Vue la situation sociopolitique du moment une panique s'est emparée des étudiants peu après cette débandade orchestrée par des microbes. Ainsi ont coulé à flots des commentaires de part et d’autre afin de situer les responsabilités.  

Ce pendant selon le président du Challenge Africain pour un Renouveau des Politiques Economiques de Développement (CARPED), s’exprimant ce matin sur l’affaire, « il n'en était rien », soutient Erick Koné.  

Avant d’expliquer que cette situation résulte d’une incompréhension. « Il y a quelques jours de cela j’ai appris comme tout le monde que mes jeunes frères de la FESCI avaient lancé un mot d’ordre de grève. Etant un homme qui œuvre pour la paix et la cohésion sociale depuis plus de 15 ans, j’ai tenu à les rencontrer pour les exhorter de surseoir momentanément à leur grève vue le contexte géopolitique et stratégique actuel et par ailleurs leur offrir des ordinateurs à eux ainsi qu’à 9 autres structures ».   

En effet, « ayant appris que le Président du CARPED venait à une rencontre d’apaisement avec les étudiants, des jeunes qui apprécient son noble combat ont décidé de lui apporter un soutien en participant à cet évènement qui devait se dérouler à l’Amphithéâtre 7 de ladite université. Malheureusement, ces jeunes ont été pris à partie par des étudiants qui se sont sentis menacés par leur présence sur leur territoire », développe le président du CARPED.  

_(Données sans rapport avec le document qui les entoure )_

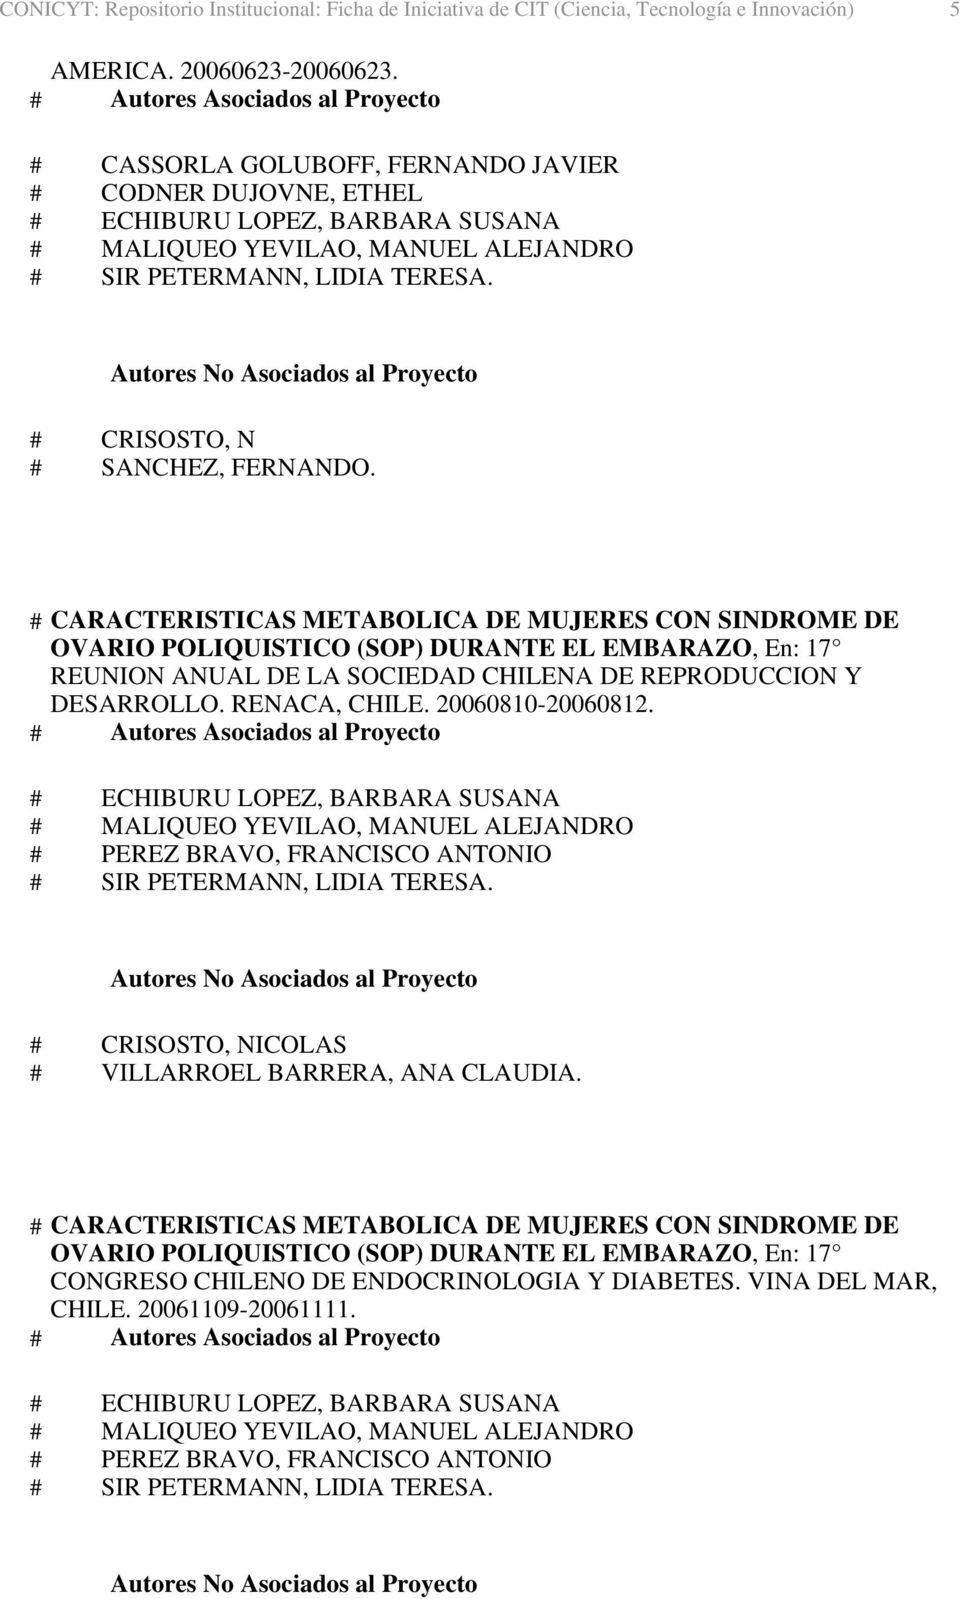 # CARACTERISTICAS METABOLICA DE MUJERES CON SINDROME DE OVARIO POLIQUISTICO (SOP) DURANTE EL EMBARAZO, En: 17 REUNION ANUAL DE LA SOCIEDAD CHILENA DE

Après que le calme soit restauré, cette rencontre attendue entre le CARPED et la FESCI a porté de bons fruits. Erick Koné, après avoir perçu la quintessence des revendications de la FESCI égrainées par son secrétaire général adjoint (Sga), a pour sa part, appelé à l’apaisement et a privilégié la voie du dialogue. Appel entendu par les responsables de la Fédération Estudiantine et Scolaire de Côte d'Ivoire. Elle n’a pas manqué par la voix du Sga, de saluer cette démarche du CARPED et s'inscrire résolument dans ce schéma des hommes forts, "le dialogue".  

Notons que cet échange s’est soldé par la remise d’une vingtaine d’ordinateurs portables à la FESCI et d’aux structures estudiantines suite à laquelle les mandataires des différentes structures expriment chacune sa gratitude au donateur. « Nous remercions le grand frère pour sa démarche et également au nom du Secrétaire Général Alain Saint-Claire nous le remercions pour ses ordinateurs offerts ». « (…) c’est pour la première fois qu’une organisation de la société civile nous offre des ordinateurs depuis que nous militons. Nous en avions richement besoin pour nos cours à l’université et également pour nos actions syndicales ».

Rappelons que le calme total est revu dans le temple du savoir. Cependant plusieurs écoles restent toujours fermées pour des précautions.